Nine-year-old Austin is referred to counseling by his mother. She explains that he “hates his dad and never wants to see him again.” The behavior that brings Austin to counseling started occurring around the time his parents separated and has intensified as they approach the legal divorce stage of the marriage termination.
Austin avoids eye contact, is anxious, and appears fearful and quite upset at the thought of spending time with his father. He presents as emotionally fragile, connected to his mother and his mother’s family but afraid of even the words “father” or “dad.” Austin wants nothing to do with his father’s side of the family and has started referring to his father by his first name. His mother adds that she believes Austin is old enough to decide whether to see his father or not. She further supports Austin’s lack of contact with his father because he doesn’t allow Austin to have his cell phone with him at his house, makes him go to bed at 8:30 and yells at him if he does something wrong. In addition, Austin doesn’t get along with his father’s girlfriend. Thus, his mother would like to get my recommendation, which she can then present in court, that Austin not see or have a relationship with his father any longer.
The mirror neurons in my brain fire, and my empathy for this young man and his plight take over. I quickly align with Austin and his mother and want to advocate for him to not spend time with his father.
This scenario, often referred to as conflicted parenting, high-conflict parenting or parental alienation, plays out time and time again in counseling offices and schools nationwide. Few counselors know the research on parental alienation syndrome, the damage it can cause or the increased conflict brought on these families by what are the best of intentions of the mental health community. (Note: The existence of parental alienation syndrome or parental alienation disorder remains a topic of heated debate; a disorder by that name is not included in the fifth edition of the Diagnostic and Statistical Manual of Mental Disorders.)
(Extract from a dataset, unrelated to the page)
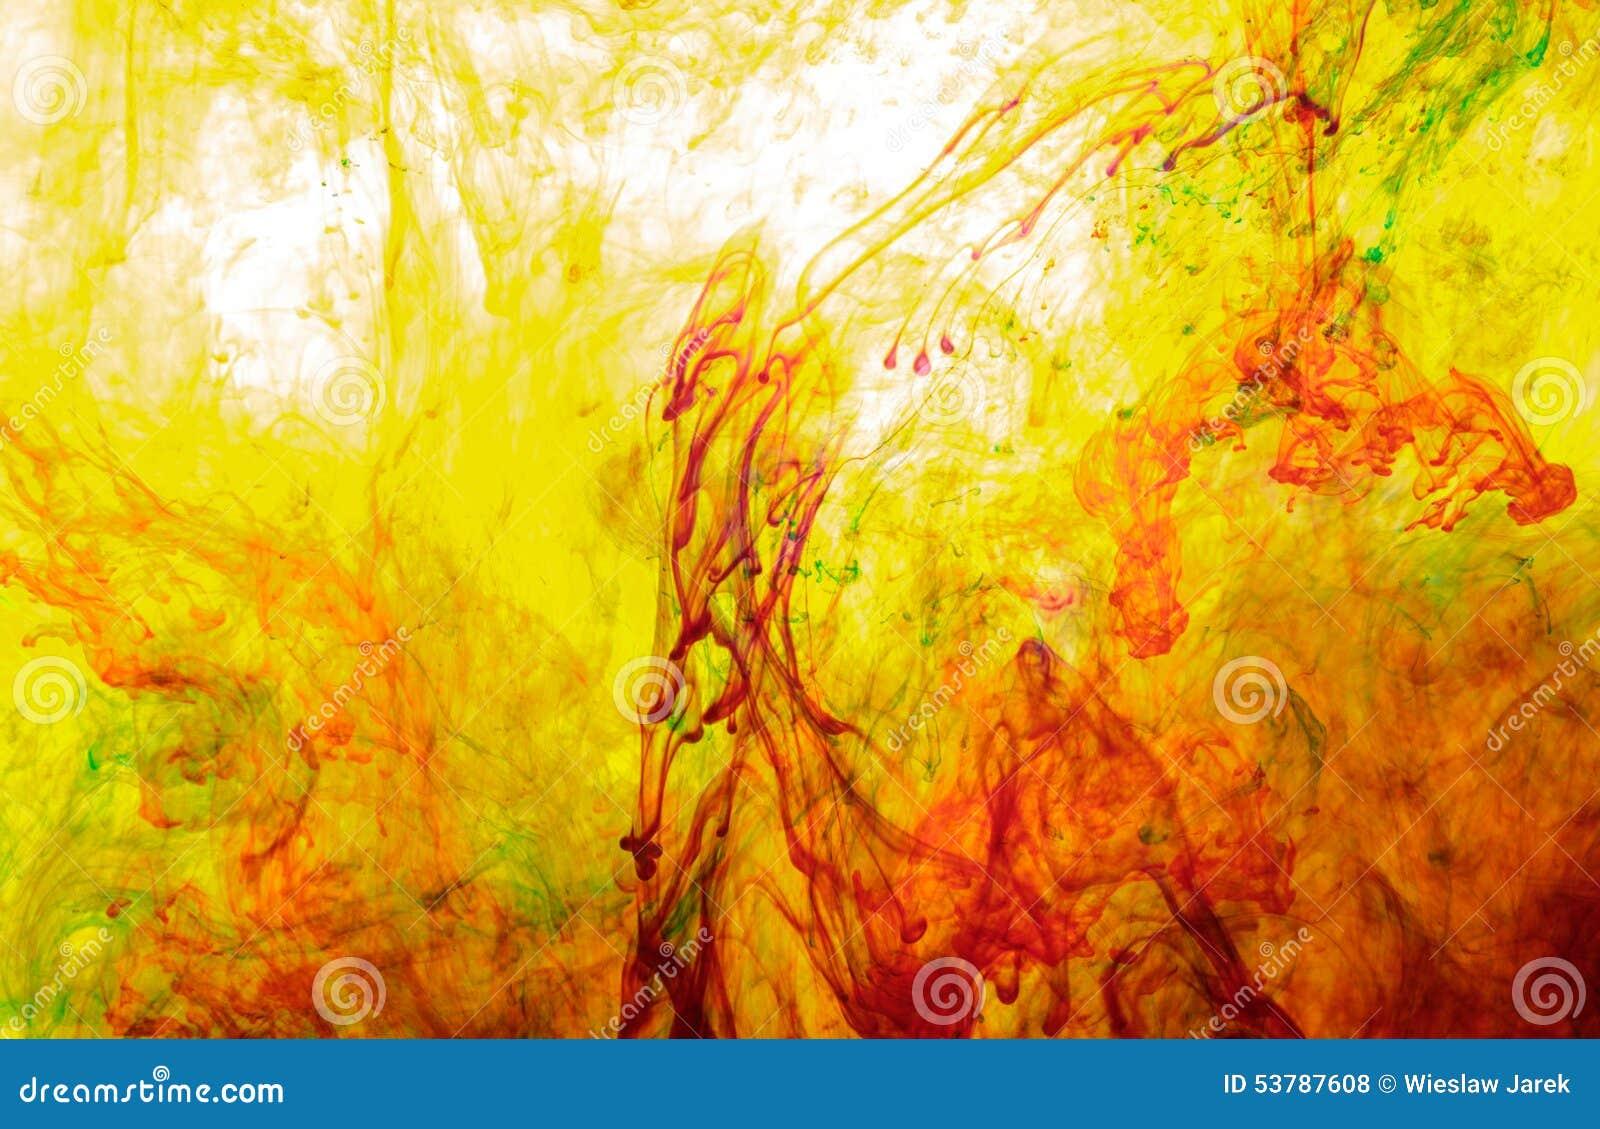 Abstrakcyjny tło
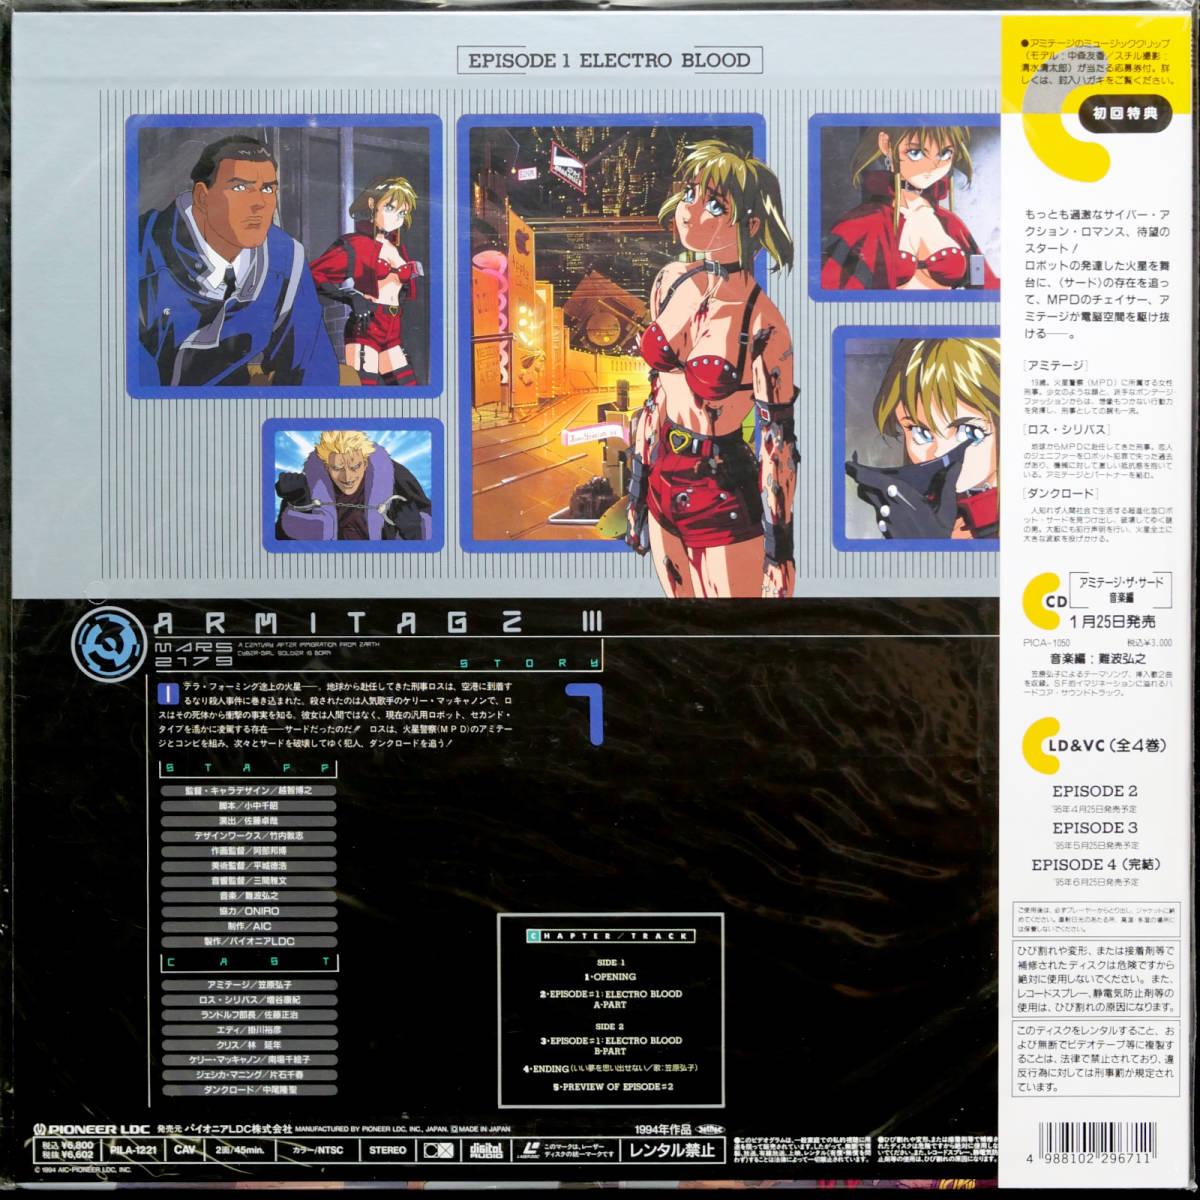 未開封LD アミテージ・ザ・サード 全4巻セット_画像3

Key terms in this field include “aligned parent” (the parent the child has aligned or teamed up with); “target parent” (the parent the child is seemingly against); and “conflicted child” (the child caught in the middle of the parents’ conflicted relationship).
Counselors are often brought into these battles unknowingly, with the aligned parent attempting to “team up” with the counselor to advocate for the child against the other parent. The aligned parent and child may say derogatory things about the target parent, take minor issues and catastrophize them, and avoid anything that has to do with the target parent. The aligned parent and child may be disrespectful, express an extreme fear or hatred of the target parent and sometimes even fabricate events to make the target parent appear evil and/or dangerous.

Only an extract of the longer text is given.